ABOUT THIS EXERCISE: Write out all of the entries exactly, please.

DATA SECTION:
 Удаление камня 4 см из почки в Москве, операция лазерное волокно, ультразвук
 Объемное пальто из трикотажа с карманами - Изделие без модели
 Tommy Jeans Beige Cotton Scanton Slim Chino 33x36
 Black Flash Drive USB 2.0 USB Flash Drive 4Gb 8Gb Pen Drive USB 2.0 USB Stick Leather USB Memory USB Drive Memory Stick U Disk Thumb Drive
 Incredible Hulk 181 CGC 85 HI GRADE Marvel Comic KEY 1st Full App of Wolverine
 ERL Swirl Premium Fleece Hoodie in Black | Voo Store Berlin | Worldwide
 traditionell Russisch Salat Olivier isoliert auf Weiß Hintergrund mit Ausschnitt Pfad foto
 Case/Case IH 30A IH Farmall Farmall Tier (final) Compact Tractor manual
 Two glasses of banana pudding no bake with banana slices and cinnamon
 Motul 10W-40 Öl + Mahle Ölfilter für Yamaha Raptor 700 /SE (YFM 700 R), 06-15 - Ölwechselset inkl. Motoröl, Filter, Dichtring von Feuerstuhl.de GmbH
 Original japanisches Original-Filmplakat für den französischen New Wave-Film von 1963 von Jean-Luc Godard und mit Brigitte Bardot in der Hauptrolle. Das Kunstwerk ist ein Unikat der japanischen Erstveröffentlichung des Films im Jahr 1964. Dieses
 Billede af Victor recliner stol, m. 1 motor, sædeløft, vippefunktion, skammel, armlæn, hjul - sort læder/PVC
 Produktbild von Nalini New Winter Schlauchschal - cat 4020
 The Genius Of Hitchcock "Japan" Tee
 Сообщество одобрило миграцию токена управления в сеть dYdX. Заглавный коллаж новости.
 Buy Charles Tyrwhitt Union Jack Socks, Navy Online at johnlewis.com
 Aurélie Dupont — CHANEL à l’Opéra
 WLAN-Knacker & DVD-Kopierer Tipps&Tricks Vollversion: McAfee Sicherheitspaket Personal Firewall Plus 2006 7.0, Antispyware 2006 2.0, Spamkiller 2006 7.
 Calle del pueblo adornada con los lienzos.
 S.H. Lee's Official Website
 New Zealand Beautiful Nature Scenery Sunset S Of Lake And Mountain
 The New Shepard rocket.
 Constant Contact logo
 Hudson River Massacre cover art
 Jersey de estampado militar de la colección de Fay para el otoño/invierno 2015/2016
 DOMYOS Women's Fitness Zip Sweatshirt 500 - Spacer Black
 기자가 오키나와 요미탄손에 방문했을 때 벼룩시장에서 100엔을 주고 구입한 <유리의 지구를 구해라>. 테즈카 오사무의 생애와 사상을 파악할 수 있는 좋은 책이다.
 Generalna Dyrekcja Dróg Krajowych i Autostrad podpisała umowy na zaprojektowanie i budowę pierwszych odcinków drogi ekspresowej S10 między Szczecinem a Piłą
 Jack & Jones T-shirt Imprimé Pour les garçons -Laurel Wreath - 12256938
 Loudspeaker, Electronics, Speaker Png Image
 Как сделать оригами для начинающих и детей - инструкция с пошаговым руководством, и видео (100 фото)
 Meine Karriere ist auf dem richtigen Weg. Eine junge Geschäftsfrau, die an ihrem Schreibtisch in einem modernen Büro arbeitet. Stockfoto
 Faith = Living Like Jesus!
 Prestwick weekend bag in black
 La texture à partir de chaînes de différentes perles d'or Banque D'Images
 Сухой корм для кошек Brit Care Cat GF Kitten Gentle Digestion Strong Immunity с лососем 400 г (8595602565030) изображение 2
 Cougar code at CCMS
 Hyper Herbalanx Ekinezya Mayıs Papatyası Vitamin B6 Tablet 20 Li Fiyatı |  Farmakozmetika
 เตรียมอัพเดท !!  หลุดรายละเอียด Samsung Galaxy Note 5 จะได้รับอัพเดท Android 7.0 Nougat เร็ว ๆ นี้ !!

YOUR RESPONSE:
 Удаление камня 4 см из почки в Москве, операция лазерное волокно, ультразвук
 Объемное пальто из трикотажа с карманами - Изделие без модели
 Tommy Jeans Beige Cotton Scanton Slim Chino 33x36
 Black Flash Drive USB 2.0 USB Flash Drive 4Gb 8Gb Pen Drive USB 2.0 USB Stick Leather USB Memory USB Drive Memory Stick U Disk Thumb Drive
 Incredible Hulk 181 CGC 85 HI GRADE Marvel Comic KEY 1st Full App of Wolverine
 ERL Swirl Premium Fleece Hoodie in Black | Voo Store Berlin | Worldwide
 traditionell Russisch Salat Olivier isoliert auf Weiß Hintergrund mit Ausschnitt Pfad foto
 Case/Case IH 30A IH Farmall Farmall Tier (final) Compact Tractor manual
 Two glasses of banana pudding no bake with banana slices and cinnamon
 Motul 10W-40 Öl + Mahle Ölfilter für Yamaha Raptor 700 /SE (YFM 700 R), 06-15 - Ölwechselset inkl. Motoröl, Filter, Dichtring von Feuerstuhl.de GmbH
 Original japanisches Original-Filmplakat für den französischen New Wave-Film von 1963 von Jean-Luc Godard und mit Brigitte Bardot in der Hauptrolle. Das Kunstwerk ist ein Unikat der japanischen Erstveröffentlichung des Films im Jahr 1964. Dieses
 Billede af Victor recliner stol, m. 1 motor, sædeløft, vippefunktion, skammel, armlæn, hjul - sort læder/PVC
 Produktbild von Nalini New Winter Schlauchschal - cat 4020
 The Genius Of Hitchcock "Japan" Tee
 Сообщество одобрило миграцию токена управления в сеть dYdX. Заглавный коллаж новости.
 Buy Charles Tyrwhitt Union Jack Socks, Navy Online at johnlewis.com
 Aurélie Dupont — CHANEL à l’Opéra
 WLAN-Knacker & DVD-Kopierer Tipps&Tricks Vollversion: McAfee Sicherheitspaket Personal Firewall Plus 2006 7.0, Antispyware 2006 2.0, Spamkiller 2006 7.
 Calle del pueblo adornada con los lienzos.
 S.H. Lee's Official Website
 New Zealand Beautiful Nature Scenery Sunset S Of Lake And Mountain
 The New Shepard rocket.
 Constant Contact logo
 Hudson River Massacre cover art
 Jersey de estampado militar de la colección de Fay para el otoño/invierno 2015/2016
 DOMYOS Women's Fitness Zip Sweatshirt 500 - Spacer Black
 기자가 오키나와 요미탄손에 방문했을 때 벼룩시장에서 100엔을 주고 구입한 <유리의 지구를 구해라>. 테즈카 오사무의 생애와 사상을 파악할 수 있는 좋은 책이다.
 Generalna Dyrekcja Dróg Krajowych i Autostrad podpisała umowy na zaprojektowanie i budowę pierwszych odcinków drogi ekspresowej S10 między Szczecinem a Piłą
 Jack & Jones T-shirt Imprimé Pour les garçons -Laurel Wreath - 12256938
 Loudspeaker, Electronics, Speaker Png Image
 Как сделать оригами для начинающих и детей - инструкция с пошаговым руководством, и видео (100 фото)
 Meine Karriere ist auf dem richtigen Weg. Eine junge Geschäftsfrau, die an ihrem Schreibtisch in einem modernen Büro arbeitet. Stockfoto
 Faith = Living Like Jesus!
 Prestwick weekend bag in black
 La texture à partir de chaînes de différentes perles d'or Banque D'Images
 Сухой корм для кошек Brit Care Cat GF Kitten Gentle Digestion Strong Immunity с лососем 400 г (8595602565030) изображение 2
 Cougar code at CCMS
 Hyper Herbalanx Ekinezya Mayıs Papatyası Vitamin B6 Tablet 20 Li Fiyatı |  Farmakozmetika
 เตรียมอัพเดท !!  หลุดรายละเอียด Samsung Galaxy Note 5 จะได้รับอัพเดท Android 7.0 Nougat เร็ว ๆ นี้ !!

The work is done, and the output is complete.